A screenshot of the X-Axis window in Power BI highlighting the date hierarchy selections

Editing an Existing Sparkline

If you want to edit an existing sparkline (i.e. change the summation, change the field on the X-axis or Y-axis), click the dropdown arrow for the sparkline in the Values section of the Visualizations pane. Then click Edit sparkline.

A screenshot showing the navigation of the dropdown arrow for the sparkling in the values section of the Visualizations pane
A screenshot of the edit sparkline drop-down selection in Power BI

This will open up an Edit sparkline window where you can make changes to the Y-axis, Summarization, or X-axis. After making changes, click OK.

A screenshot of the edit sparklines pane in Power BI

Formatting Sparklines in Power BI

Make sure you are selected on your table visualization with the sparklines. In the Visualizations pane, click the Format your visual button.

A screenshot of navigating the format your visual in the visualizations pane

After clicking that button, select Sparklines.

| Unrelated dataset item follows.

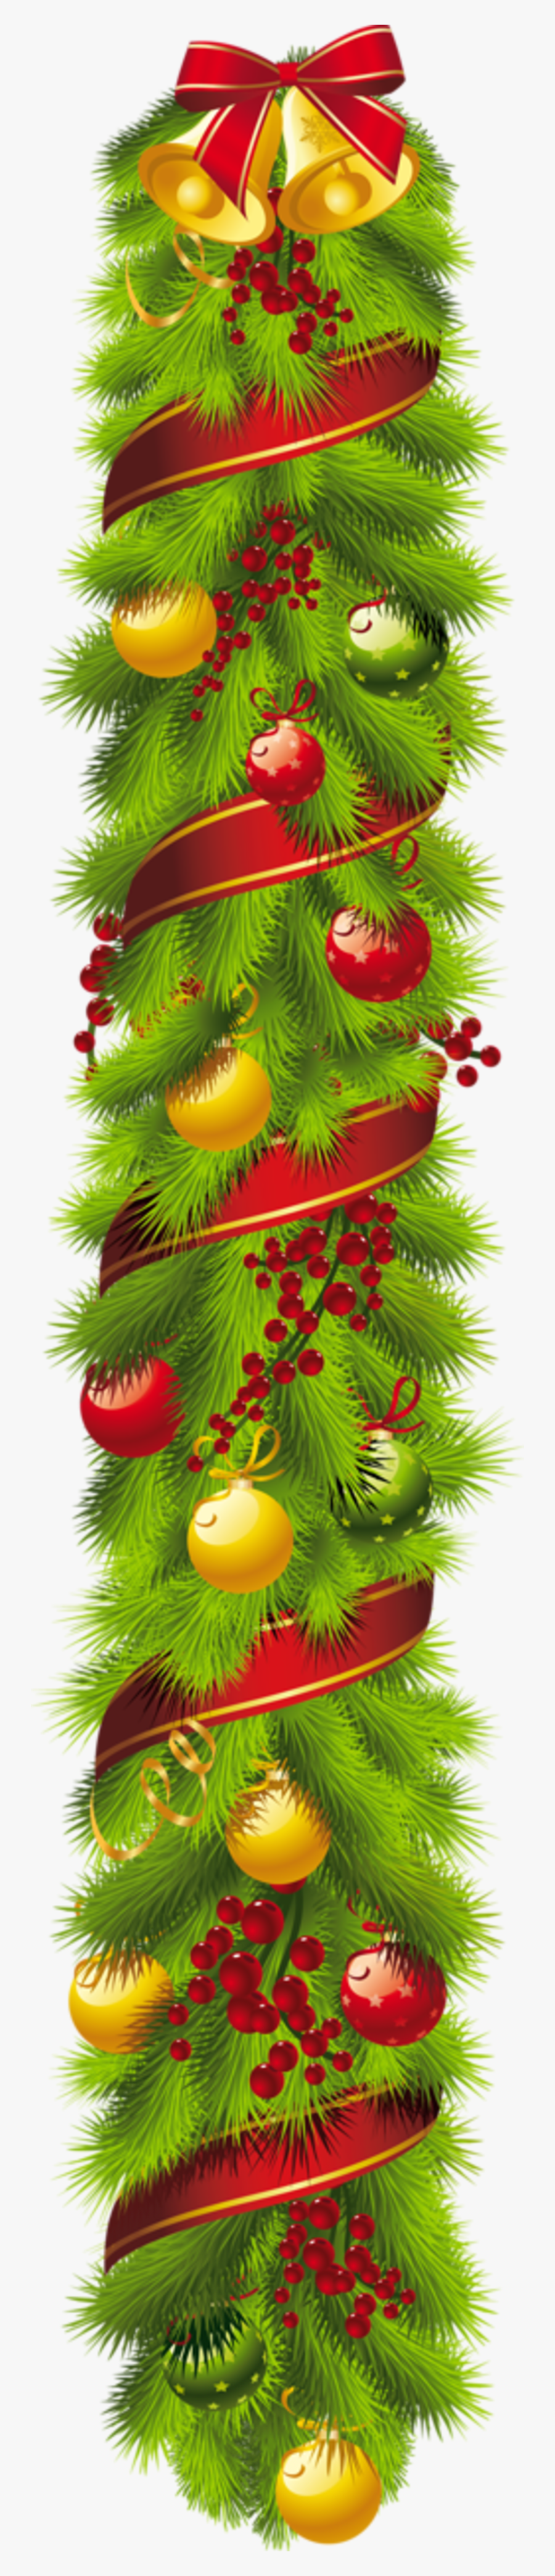 Christmas Vertical Banner Png, Transparent Clipart

A screenshot of the visualizations format visual controls with the sparklines control outlined

After selecting Sparklines, you will have the option to change the chart type, data color, width of the line, and marker.

a screenshot of sparkline visual options to change the data color, chart type and width
  • Chart type: sparklines can be a line chart (first image below) or a column chart (second image)
A screenshot of the sparklines in the table visualization
The sparklines in the sales visualization example as a column chart
  • Data color: The color can be changed to whichever color you prefer. Currently, there is no option for conditional formatting of sparkline colors.
  • Width: You can adjust the thickness of the sparkline. This option is only available if the sparkline is a line chart. 
  • Marker: You can add a marker to the sparkline to call out specific points of data. This option is only available if the sparkline is a line chart. Multiple markers can be added to the sparklines, like if you wanted to see the highest and lowest points for each Category (example below). Once a marker is added, you can change the color, type, and size of the marker. 
A screenshot of adding markers to sparklines
A screenshot of the visualization example showing sparklines with markers

Power BI Sparklines Pro Tips

  • Sparklines can only be used in table and matrix visualizations.
  • If you hover over the sparkline in the visualization, a tooltip will appear showing the minimum and maximum of the data points.
  • As noted above, sparklines allow for a maximum of 52 data points.
  • The maximum number of sparklines that can be in visualization is five, meaning you can have five different columns with sparklines.
  • The maximum number of columns in a matrix visualization with sparklines is 20.

Alternative Option to Add a Sparkline

Make sure that you are selected on your table or matrix visualization. In the Insert tab of the Power BI Desktop ribbon, click Add a sparkline.

A screenshot of a Power BI navigation bar under the "insert" tab showing where the "add a sparkline" button is located

An Add a sparkline window will pop up. You will need to fill in each of the sections in the window, and then click Create.

A screenshot of the "add a sparkline" window in Power BI

Conclusion

Sparklines are a new feature in Power BI that gives users the ability to add useful insights and context to their table and matrix visualizations. It is now possible to have a table visualization and be able to see trends in the data without creating two separate visualizations. This tool will be extremely useful when building reports!

Interested in learning more about the data visualization tools in Power BI? Reach out to phData’s team of Power BI experts today to have all your questions answered!

FAQs

Using a sparkline is a good idea when you want to show general trends in the data over time. If you need to show more specific details in the data, then it would be better to create a separate visualization.

A sparkline is basically a condensed version of a line chart or column chart. Sparklines will not have titles, axes, or data labels while a line chart or column chart generally will. Line charts and column charts as standalone visualizations can provide more details than a sparkline.